Feature | Description |
|---|---|
| Agent Runtime | Hosts LLM calls, Agent loop orchestration, and business logic, with session-based routing and automatic scaling. |
| Sandbox Tools | Provides two separate yet interoperable API layers for both LLMs and developers. Browser automation, code execution, Shell, and file operations all run in an isolated sandbox environment. |
| Conversation Storage | Provides framework-compatible memory management, with unified APIs for sessions and messages. |
| Observability | Automatically collects call traces with zero-intrusion instrumentation, enabling unified trace viewing in both local and cloud dashboards. |
| Built-in Models | Access Hunyuan and other mainstream Chinese models through AI Gateway with a limited-time free token quota. |
Kemampuan platform apa yang saya butuhkan untuk agen AI rag?
Penyimpanan/pemrosesan file untuk basis pengetahuan, pemanggilan alat LLM (pencarian + pengambilan) untuk pengambilan, dan memori yang melekat pada sesi untuk konteks multi-putaran. EdgeOne Makers menyediakan ketiga hal ini — memungkinkan arsitektur rag agen tanpa layanan eksternal.
Apakah saya perlu database vektor untuk membangun chatbot basis pengetahuan?
Tidak. Sistem file platform dan pemanggilan alat memungkinkan arsitektur rag agen ringan — proses PDF menjadi teks terstruktur, definisikan alat pencarian/pengambilan, dan biarkan LLM mengambil halaman yang relevan.
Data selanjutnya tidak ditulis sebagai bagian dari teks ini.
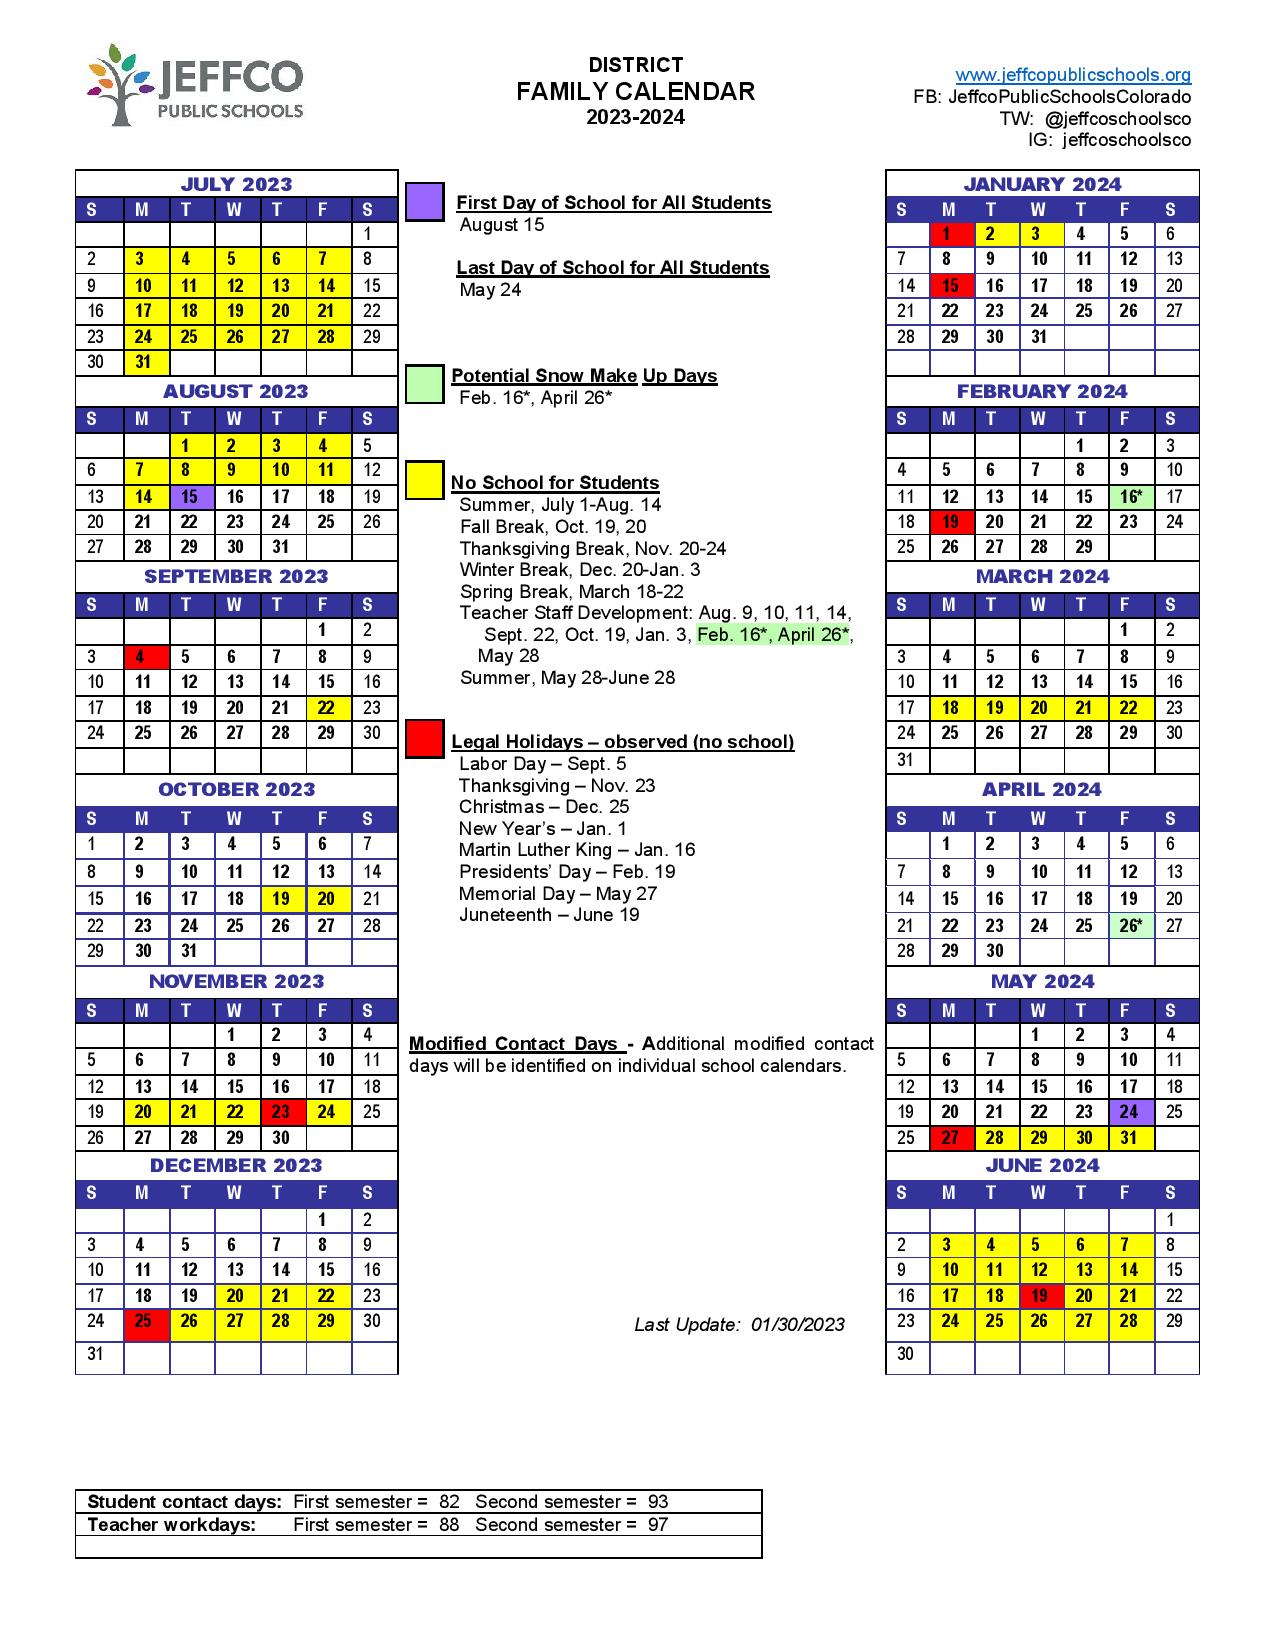 School Calendar 2024 Brooklyn Seka Estella

Tidak perlu Pinecone atau Weaviate.
Bagaimana memori sesi membantu agen rag ai saya?
Routing yang mempertahankan konteks percakapan chatbot basis pengetahuan Anda tetap hidup di berbagai pertanyaan — agen mengingat apa yang telah dibahas dan dapat memperbaiki jawaban tanpa mengambil kembali.
Apakah membangun agen AI bebas RAG di EdgeOne Makers?
Ya. 500K token model/bulan, penyimpanan file permanen, memori sesi yang melekat, dan dukungan percakapan multi-putaran — semua komponen untuk agen ai rag tanpa biaya.
Bisakah saya menyesuaikan logika pengambilan dalam agen rag ai saya?
Ya. Anda mendefinisikan fungsi alat Anda sendiri (cari, ambil, filter) — platform menyediakan runtime dan akses LLM. Bangun pola arsitektur agen rag: kata kunci, semantik, hibrida, atau kustom.